Arbitrary graph file

An arbitrary graph file is a file with a different filename extension than the one of a Subtext graph file. An arbitrary graph file is part of the Subtext graph.

Implementations MUST store an arbitrary graph file inside the graph directory or one of its subdirectories.

A Subtext graph file MUST be created to accompany and point towards the arbitrary graph file. This Subtext graph file MUST be stored in the same directory as the arbitrary graph file.

This section is non-normative.

Note: Technically, the Subtext graph file acts in this case as a sidecar file.

The arbitrary graph file's name MAY be the same as the slug of its accompanying Subtext graph file.

The arbitrary graph file's name SHOULD be the same as the last slug segment of the slug of its accompanying Subtext graph file.

This section is non-normative.

It might be easier for implementations to enforce that the arbitrary graph file's name is the same as its slug's last segment, because then it can derive filename from slug and it does not need to keep track of possible filename collisions in addition to slug collisions.

This section is non-normative.

Note: Example filenames for Subtext graph files that point to arbitrary graph files are: song.mp3.subtext pointing towards song.mp3, good-movie.subtext pointing towards movie-1234.mp4

To identify a Subtext graph file as a file that accompanies an arbitrary graph file, the Subtext graph file MUST have a header with the key file and the arbitrary graph file's name as value.

A Subtext graph file with a header with the key file MUST NOT have a content section.

This section is non-normative.

Note: Example header in an accompanying graph file:
:file:song.mp3

A Subtext graph file that has a header with the key file MUST also have a header with the key size and as value the size of the arbitrary graph file in bytes.

If a Subtext graph file has a file header but no size header, an implementation MUST ignore this Subtext graph file and the arbitrary graph file it points towards.

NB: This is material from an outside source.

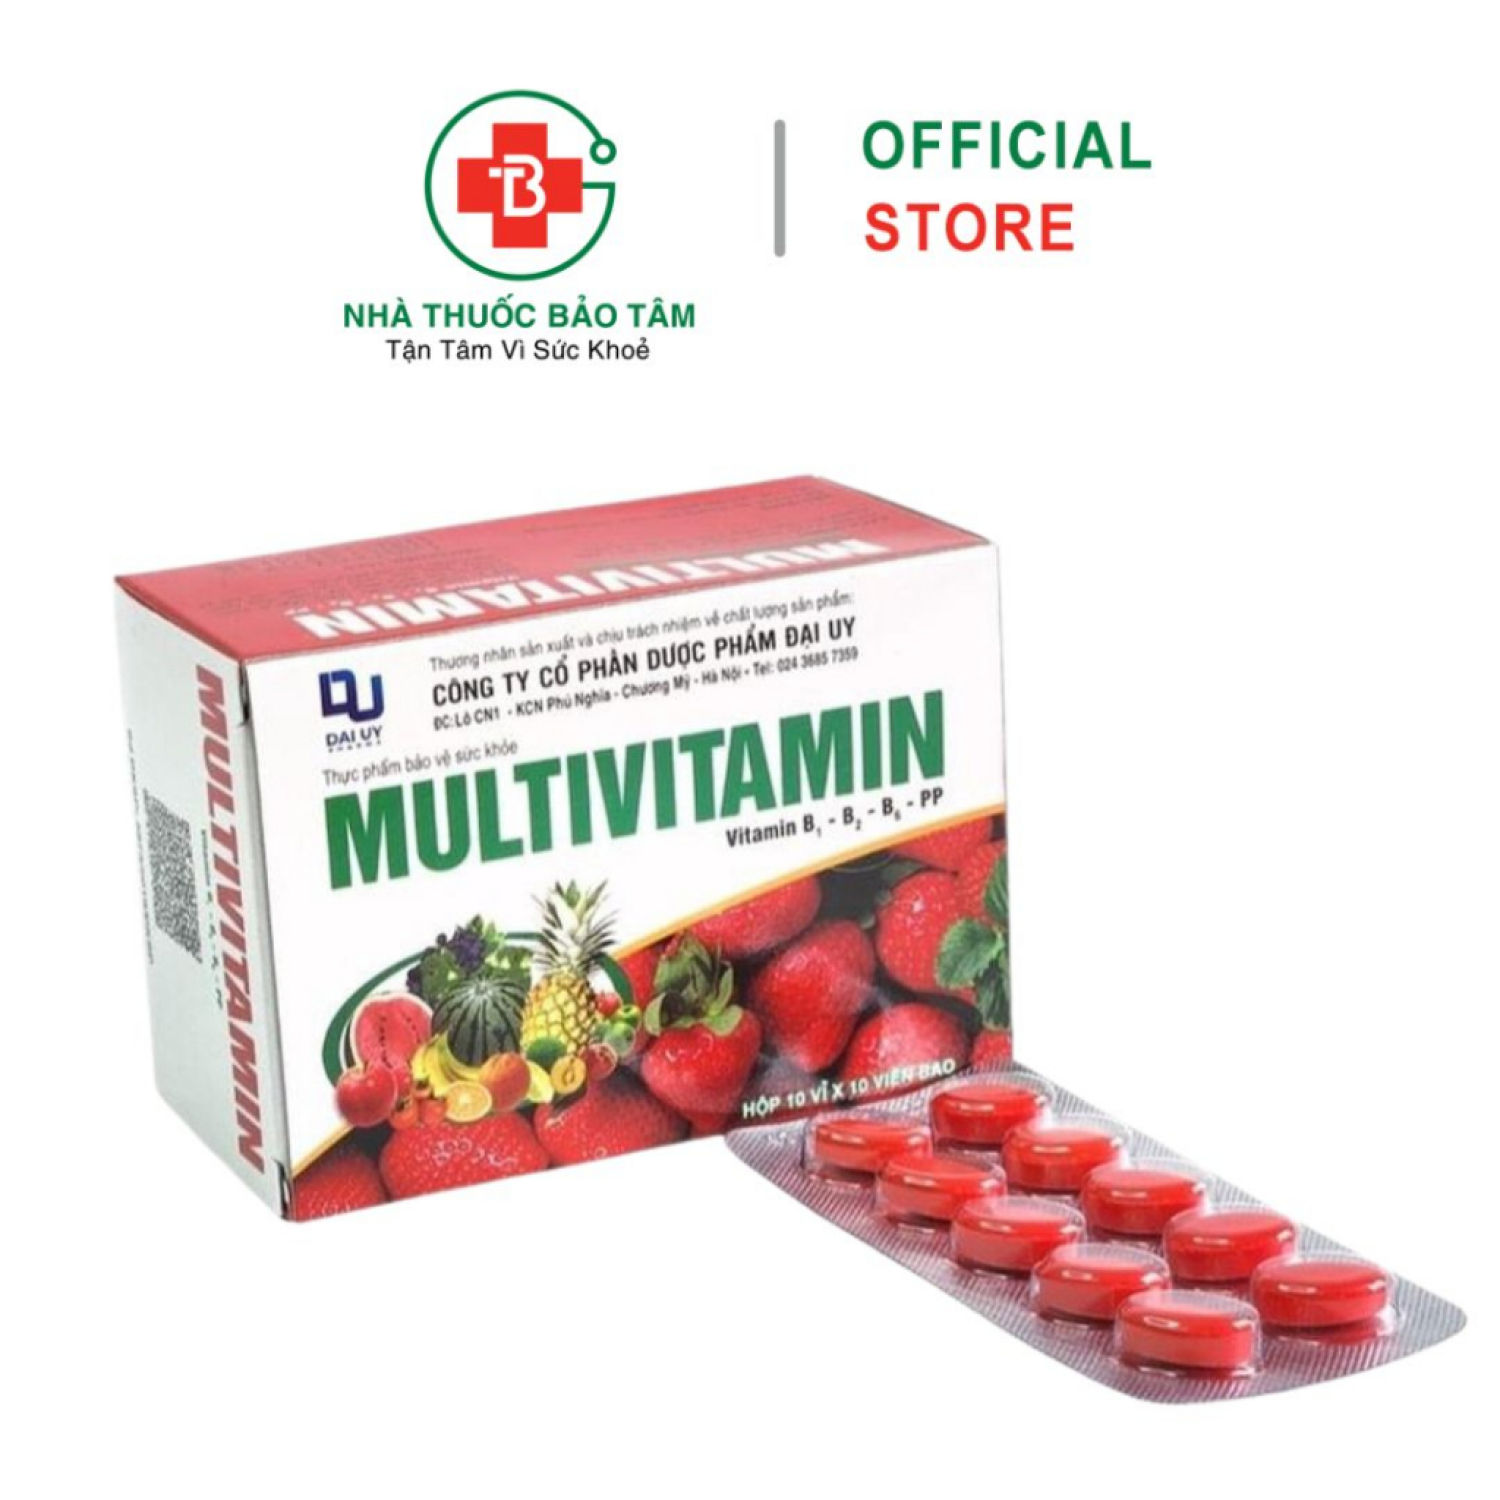 Vitamin tổng hợp Multivitamin DAIUY bổ sung vitamin

Creating a slug and a normalized filename for an arbitrary graph file

If an implementation wants to include an arbitrary graph file in the graph, the implementation MAY use the following algorithm to derive a slug and a normalized filename from the arbitrary graph file's original name:

/*********************
  Helper functions
*********************/

const getExtensionFromFilename = (filename: string): string | null => {
  const posOfDot = filename.lastIndexOf(".");
  if (posOfDot === -1) {
    return null;
  }

  const extension = filename.substring(posOfDot + 1).toLowerCase();
  if (extension.length === 0) {
    return null;
  }

  return extension;
};


const removeExtensionFromFilename = (filename: string): string => {
  const posOfDot = filename.lastIndexOf(".");
  if (posOfDot === -1) {
    return filename;
  }

  return filename.substring(0, posOfDot);
};

const sluggifyFilename = (filename: string): string => {
  return filename
    // Trim leading/trailing whitespace
    .trim()
    // remove invalid chars
    .replace(/['’]+/g, "")
    // Replace invalid chars with dashes.
    .replace(/[^\p{L}\p{M}\d\-._]+/gu, "-")
    // Replace runs of one or more dashes with a single dash
    .replace(/-+/g, "-")
    // remove initial dot from dotfiles
    .replace(/^\./g, "")
    .toLowerCase()
    // remove leading and trailing dashes
    .replace(/^-+/, "")
    .replace(/-+$/, "");
};

/*********************
  Main function
*********************/

const getSlugAndNameForNewArbitraryFile = (
  namespace: string, // e.g. "files" for "files/image.png"
  originalFilename: string,
  existingSlugs: Set:<Slug>,
): { slug: Slug, filename: string } => {
  const extension = getExtensionFromFilename(originalFilename);
  const originalFilenameWithoutExtension = removeExtensionFromFilename(
    originalFilename,
  );
  const sluggifiedFileStem = sluggifyFilename(originalFilenameWithoutExtension);

  let n = 1;

  while (true) {
    const showIntegerSuffix = n > 1;
    const stemWithOptionalIntegerSuffix = showIntegerSuffix
      ? `${sluggifiedFileStem}-${n}`
      : sluggifiedFileStem;

    const filename = stemWithOptionalIntegerSuffix
    + (
      extension
        ? (
          stemWithOptionalIntegerSuffix
            ? "."
            : ""
        ) + extension.trim().toLowerCase()
        : ""
    );

    const slug: Slug = `${namespace}/${filename}`;

    if (!existingSlugs.has(slug)) {
      return { slug, filename };
    }
    n++;
  }
};

Subtext

Subtext markup, as defined in https://github.com/polyrainbow/subtext/ is the default content type for content sections. Implementations MUST incorporate a Subtext parser to be able to evaluate the edges of the Subtext graph.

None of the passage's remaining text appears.